First, why is SaaS management most important? Because of the ways it can get out of control:
- SaaS creep – When SaaS is no longer being used but you’re still paying for it, whether that’s due to change of personnel, free-to-subscription auto-purchase, or other miscommunication.
- Shadow IT – When different departments or individuals unnecessarily “double dip” by purchasing multiple subscriptions of a software when just one company-wide subscription would suffice.
In an increasingly digital environment, your company will accumulate a larger and more complicated list of vendors. SaaS and IT sprawl can significantly impact your bottom line and profitability. As such, simplifying your vendor management systems best practices is imperative.
Streamline procurement and freezes
In practice, proactivity is only possible with the most powerful analytical tools. You’ll need to centralize all your vendor spend data into one location by using vendor management. And ideally, you and your team should have the ability to approve (and freeze) all procurement right from that very dashboard.
Furthermore, the most powerful spend management platforms should provide predictive analysis, which identifies any and all excess spend (SaaS creep, etc.) and notifies you before the expense occurs.

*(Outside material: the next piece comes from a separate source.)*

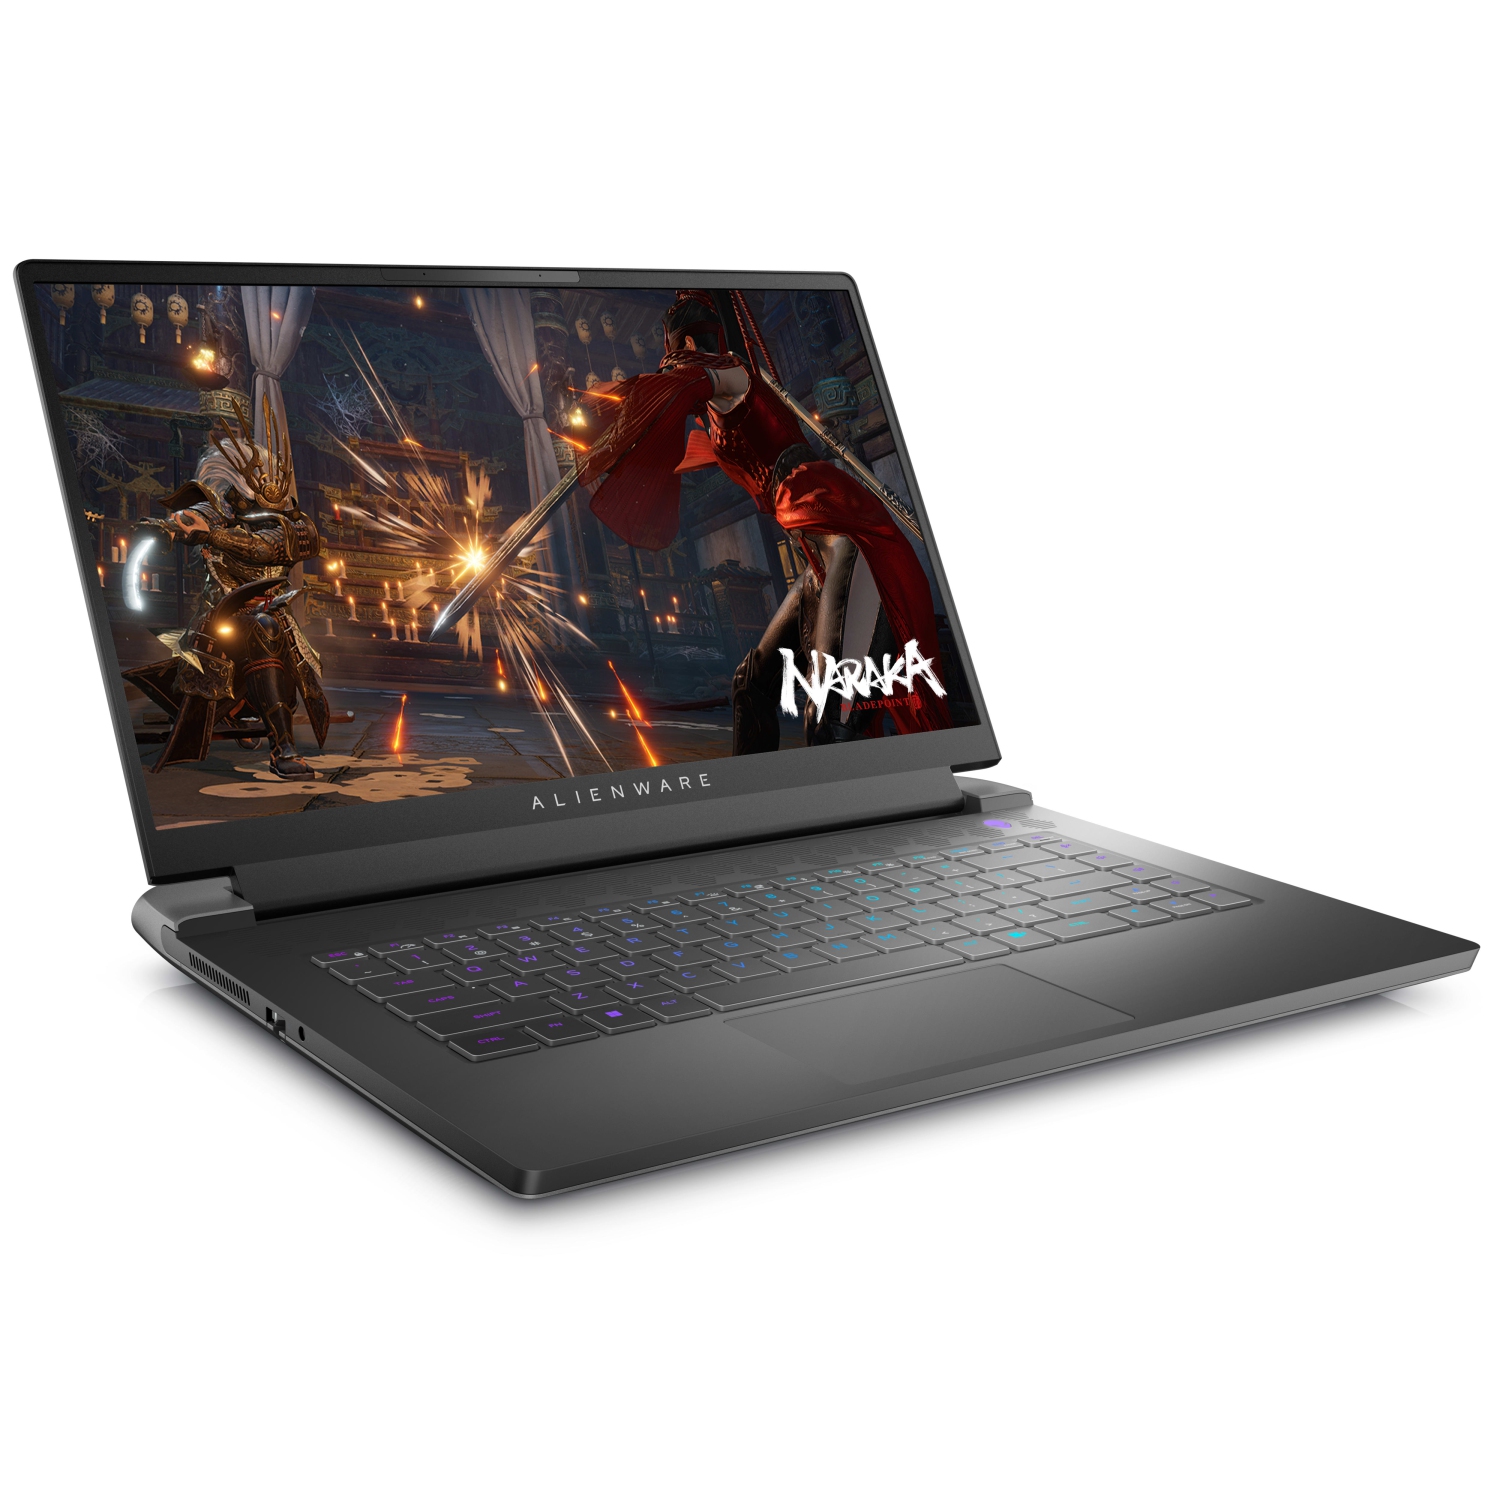 Refurbished (Excellent) – Dell Alienware m15 R7 Gaming Laptop (2022) | 15.6" FHD | Core i9 - 2TB SSD - 64GB RAM - RTX 3080 | 14 Cores @ 5 GHz - 12th Gen CPU - 8GB GDDR6X

Ideally, your platform shouldn’t just collect all your vendor spend into one place—it should streamline all expenditures in one centralized location. It should also integrate with existing accounting and messaging systems to further facilitate procurement planning, savings, and bookkeeping.
Ramp: A more powerful and automated vendor management tool
At Ramp, we understand how challenging managing vendor relationships can be for businesses. That’s why we built out our Vendor Management dashboard to give you a more holistic view of all your vendor data and contracts.

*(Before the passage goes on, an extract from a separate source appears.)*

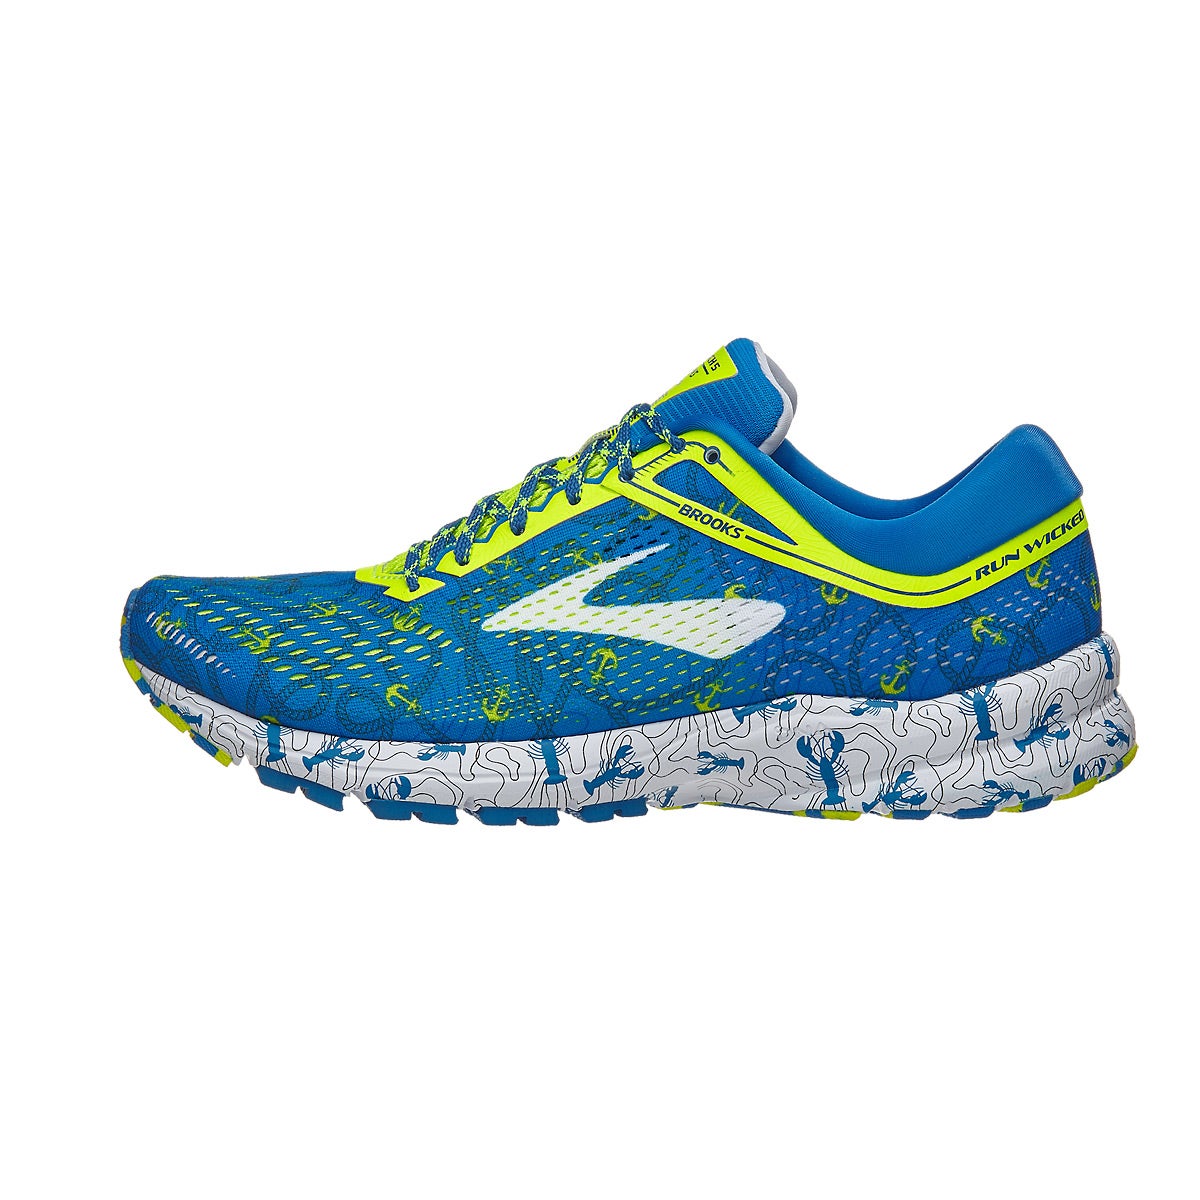 brooks launch lobster

With Ramp vendor management software, you get a single view of all of your vendor data and contracts. All of your transactions are automatically tracked against businesses paid by card and Bill Pay, which makes it easy to analyze spend and discover new insights. Ramp will also automatically extract key details from each contract you upload to the platform, which gives you a unique level of visibility without all of the tedious data entry.
FAQs
You should only begin onboarding third-party vendors after you’ve defined your project goals, set a budget, and established solid vendor management and review procedures. It’s also important to interview and get quotes from multiple vendors before negotiating a contract, so you can truly choose the best option for your business.
A good vendor manager understands that there are humans behind every contact point in the vendor management process. They focus on maintaining proactive and healthy relationships with vendors so that, if an issue arises, vendors will feel comfortable addressing them confidently and in a timely manner.
A vendor scorecard is a metrics-based report that businesses can use to evaluate vendor performance over time. Using scorecards is a vendor management practice that helps you spot performance gaps and determine ROI for your supplier spend, all while eliminating kinks in the supply chain.